Figure 2, reproduced from [1]. (A) Arrangement of the coiled biological actin spring in marine sperm cells. (B) Close up electron micrograph of actin filaments. (C) Schematic mimics the picture in (B) and shows how actin filaments are over-twisted.

Leeuwenhoek observed in 1676 that small, single-celled organisms on leaves could retract and spring forth repeatedly. It turns out that these quick movements are brought about by rapid calcium ion binding. The mechanism is shown in Figure 1. The spring structure is made from a bundle of filaments held together by negatively charged ions (blue). Contraction of the spring is driven by entropic forces. When calcium ions are released (red), the charge is neutralized and the filaments lose their extended structure, condensing due to entropy.

A second type of spring is observed in some marine invertebrate sperm cells. The spring is made up of a bundle of coiled actin filaments. This is shown in Figure 2. In the coiled state, the actin filaments are over-twisted. A sudden calcium-dependent change in conformation then causes the filaments to untwist and slide past each other, releasing the stored chemical energy.

Even some viruses possess similar spring-like components to inject their DNA into bacterial cells.


Supramolecular Ratchets

Figure 3, reproduced from [1]. (A) Bacterium propels itself out of a cell using actin polymerization. (B) Polymerization of certain sperm proteins can move vesicles. (C) The ratchet action that turns random Brownian motion into directed polymerization.

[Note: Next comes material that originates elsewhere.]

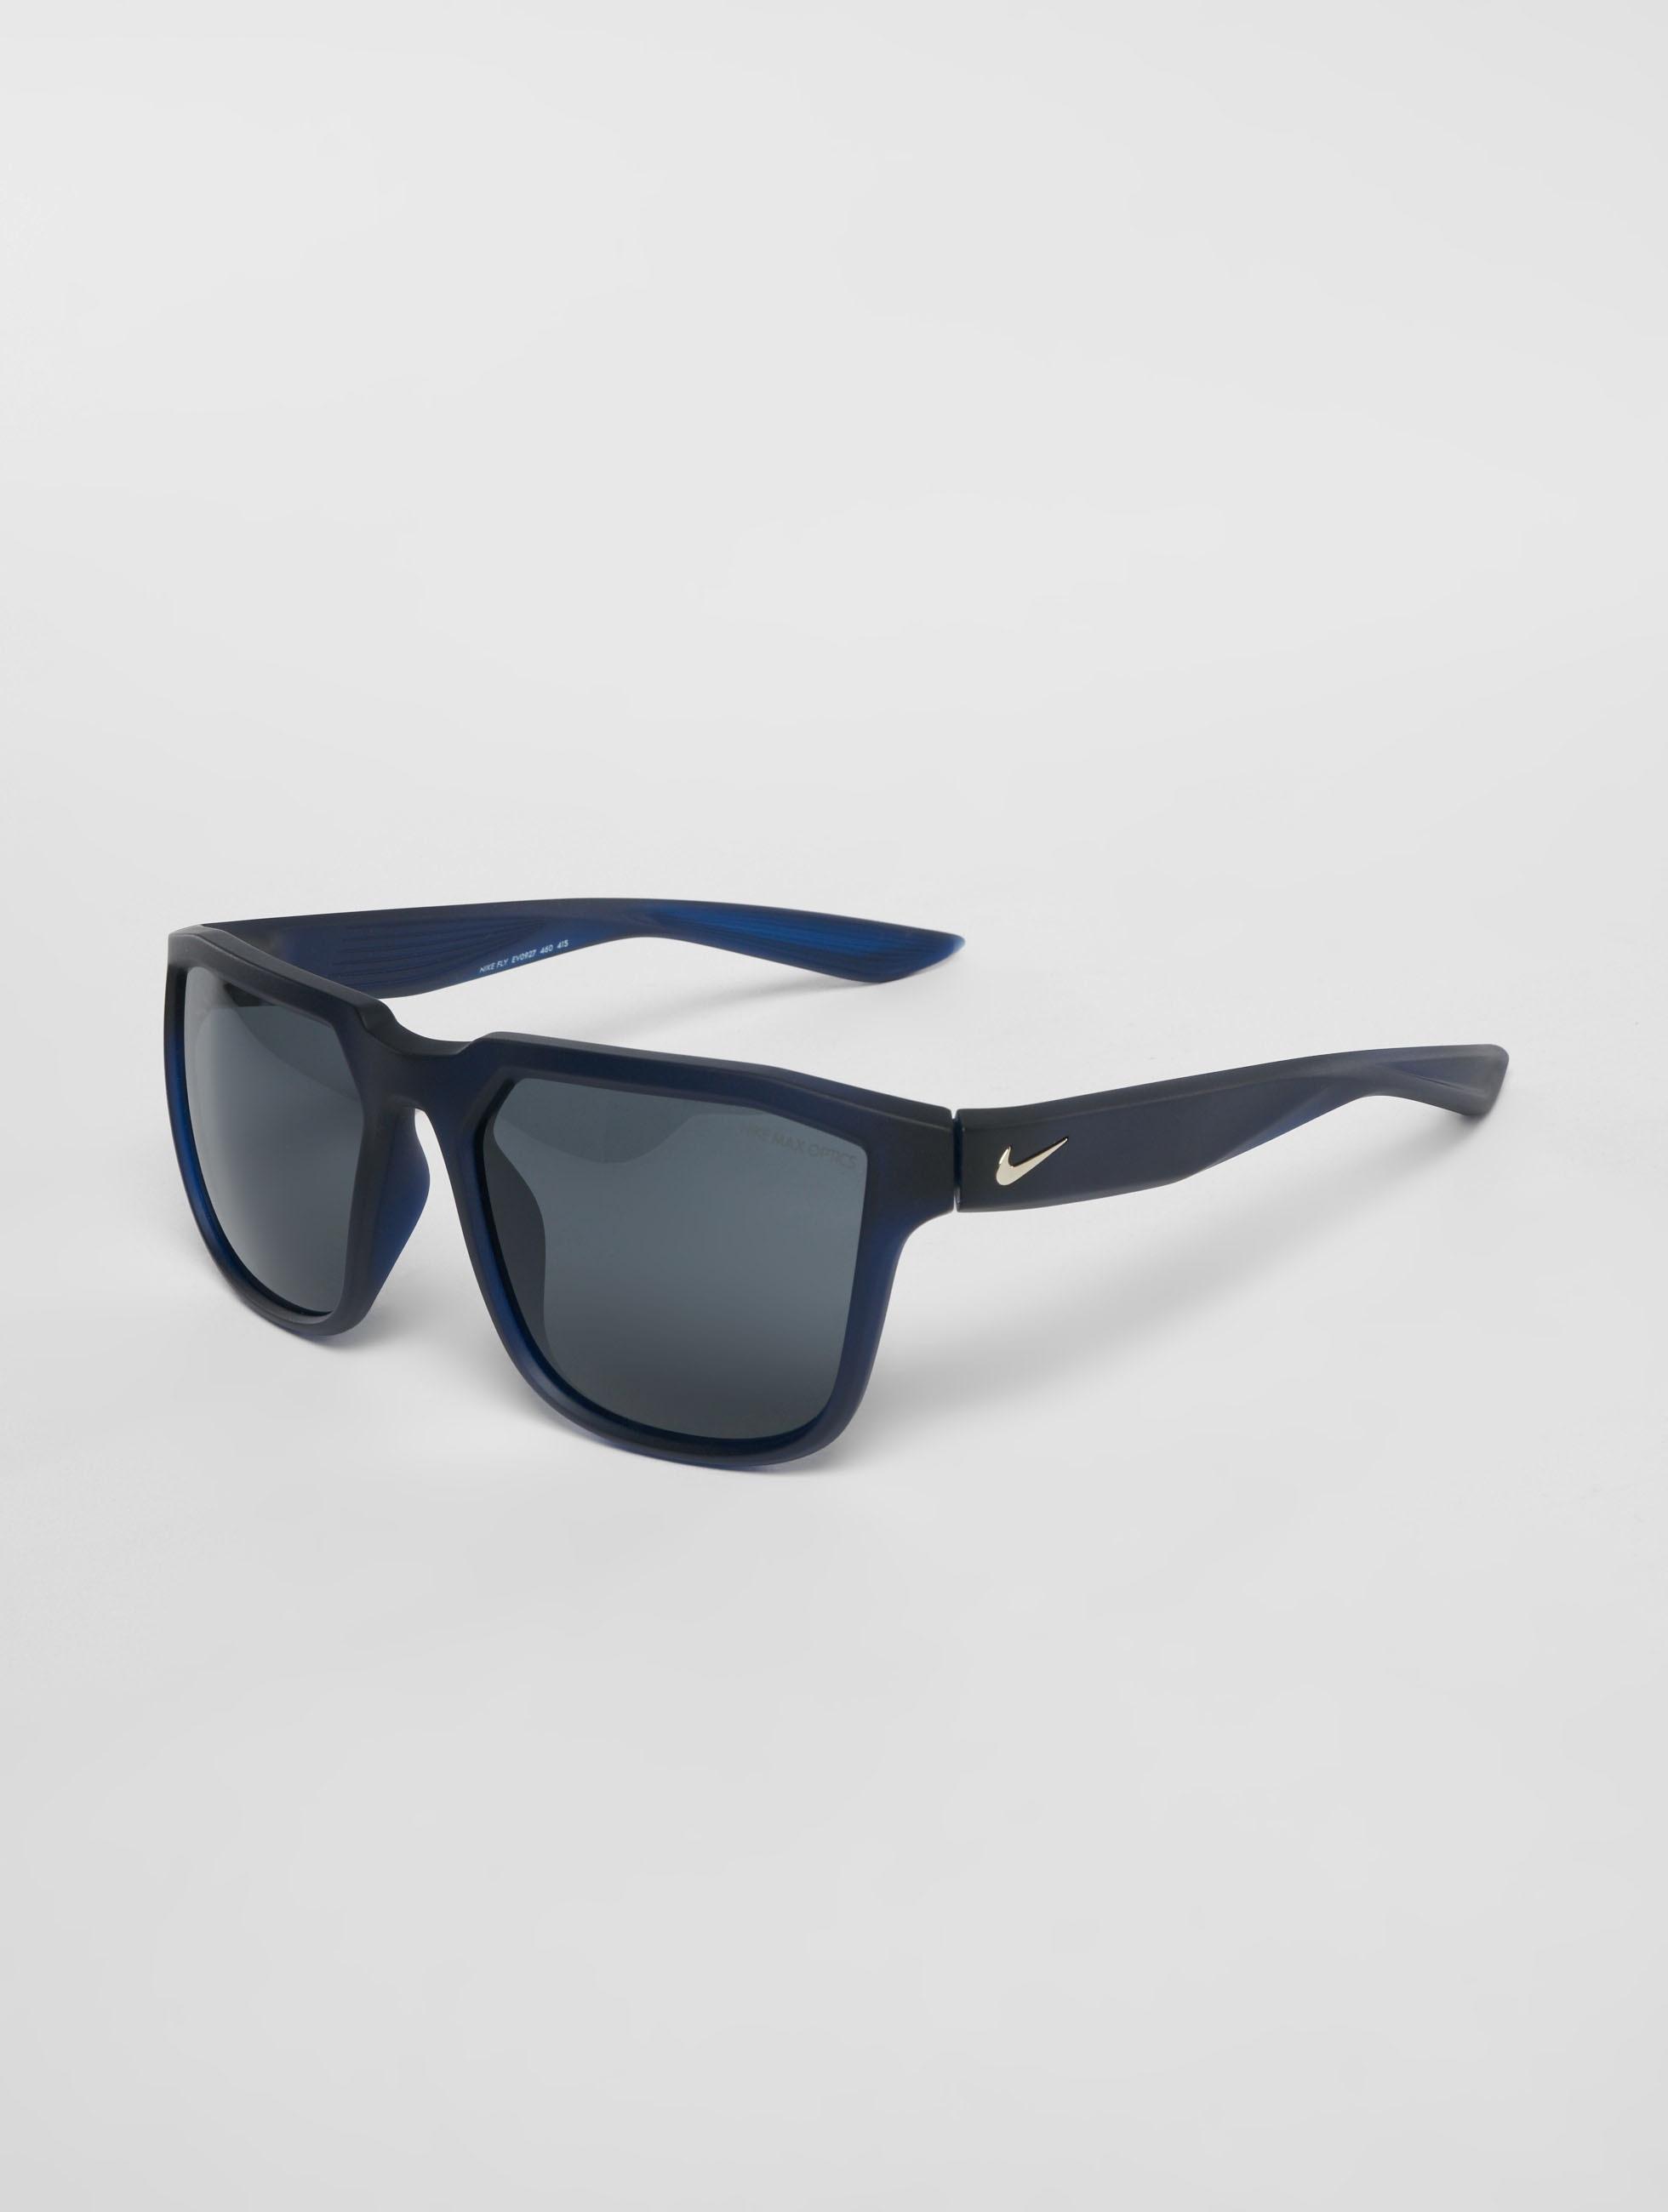 Nike Vision Lunettes de soleil Fly bleu

In ratchet systems, motion is driven by polymerization. Polymerizing filaments are cross-linked, forming a gel that provides the force for movement. Certain bacteria can burst out of a cell (see Figure 3) using asymmetric nucleation of host cell actin polymerization on one side of the bacterial cell wall. Part (C) of Figure 3 shows the idea of a Brownian ratchet, where small fluctuations in the position of the moving object (black) allow for the addition of a new monomer at the end of a polymerizing filament. Cross-linking anchors the filament, and constant polymerization prevents the moving object from fluctuating backward. Thus, the random processes of diffusion and object fluctuation are biased to occur in one direction. Filaments act cooperatively to generate force in this way.


Discussion

By organizing proteins into special geometries like filaments and bundles, Nature amplifies small conformational changes into meso- and macroscopic movements. Even though these biological springs and ratchets are based on different proteins, they are usually similar in important ways. Viscous forces and Brownian motion dominate on biological length scales, and motion results either from a rapid release of stored chemical energy (often in metastable protein conformations) or from the slower rectification of polymerization in a specified direction.